In return, the Fund imposed the two short-term conditions announced Thursday by BCRA Manager Guido Sandleris: extend until zero of the monetary base (maintaining the current 10% compliance and canceling the seasonal adjustments for June and December) and reducing the daily floor and ceiling adjustment of the non-intervention area to 1.75% daily (ZNI), which was 2% in the first quarter and started with 3% in October.
The first measure is further tightening monetary policy. The BCRA will maintain the "empty" pesos in Leliq's daily offers to banks to regulate liquidity, change reserve requirements and reduce oxygen to inflation. With high real interest rates and the rising cost of credit, he is trying to get the holders of dollars to buy pesos. The second, in turn, aims to maintain the floating of the dollar in the broad band of mobile exchange (30% between floor and ceiling), but with a monthly adjustment lower than expected inflation for the second quarter, thus reducing the money market pressures. the prices
On paper, this combination – as well as the Daily Treasury auction procedure – suggests that the dollar will be transferred close to the floor of the ZNI (which, at the end of March, would be 39.38 USD, with a ceiling of 50.97 USD). ), after having exceeded by almost 12% a few days ago. If it is drilled, the BCRA can buy reserves and issue pesos in exchange for not increasing the monetary base. This higher foreign exchange supply scenario could result in the liquidation of the dollar dollar crop if prices fall. Friday, the market reaction was clearly bearish. However, before April, some technical problems with this system should be solved: as announced, it may happen that the BCRA buys dollars under the floor while the Treasury simultaneously makes sales on the market, which reach 160 wheels.
For the moment, the government – with the eye of the IMF – is banking on the predictability of the currency to avoid shocks before the elections. But as the path chosen to reduce inflation is the longest, since the monetary hardness does not neutralize the effects of tariffs on the reduction of subsidies, overcomes the specter of the monetary deficit in the months to come. In fact, the current multilateral real exchange rate – an amount of withholding taxes – is 18% higher than the 17% recorded in December 2015, when stocks had stopped and the market had been released, after peaking by 41% at the end of September 2018. In addition, as long as inflation will not fall to 2% per month in May or June, the BCRA will not have too much room to maneuver to reduce the rates of inflation. Interest, even if it does not allow to reactivate the economy.

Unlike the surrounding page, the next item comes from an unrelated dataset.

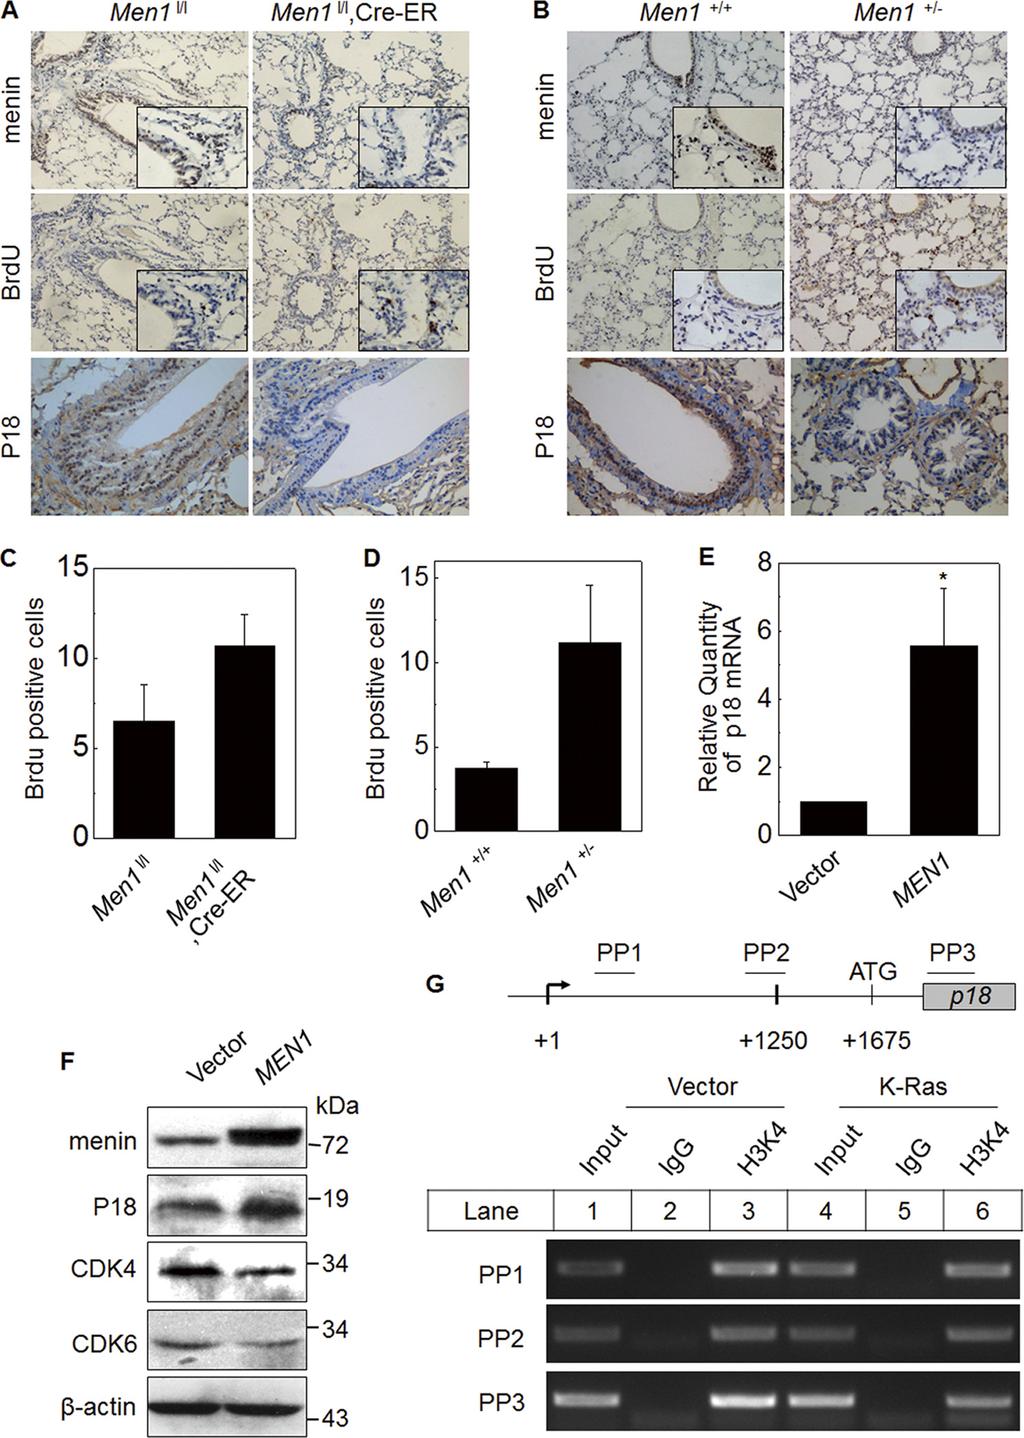 FIGURE 5. Men1 KO promotes lung epithelial cell proliferation.

The third requirement of the Fund, which is to send to Congress a bill reforming the BCRA charter, which prohibits by law to finance the Treasury, is unlikely to be approved during the election campaign. And, to complete the picture, the organization's outdated reluctance to allow programmed foreign exchange sales to cover market demand raises a particular problem: it is the dollars that could be missing by 2020 if Argentina does not fails to reduce country risk and renew the market. debt maturities on foreign markets.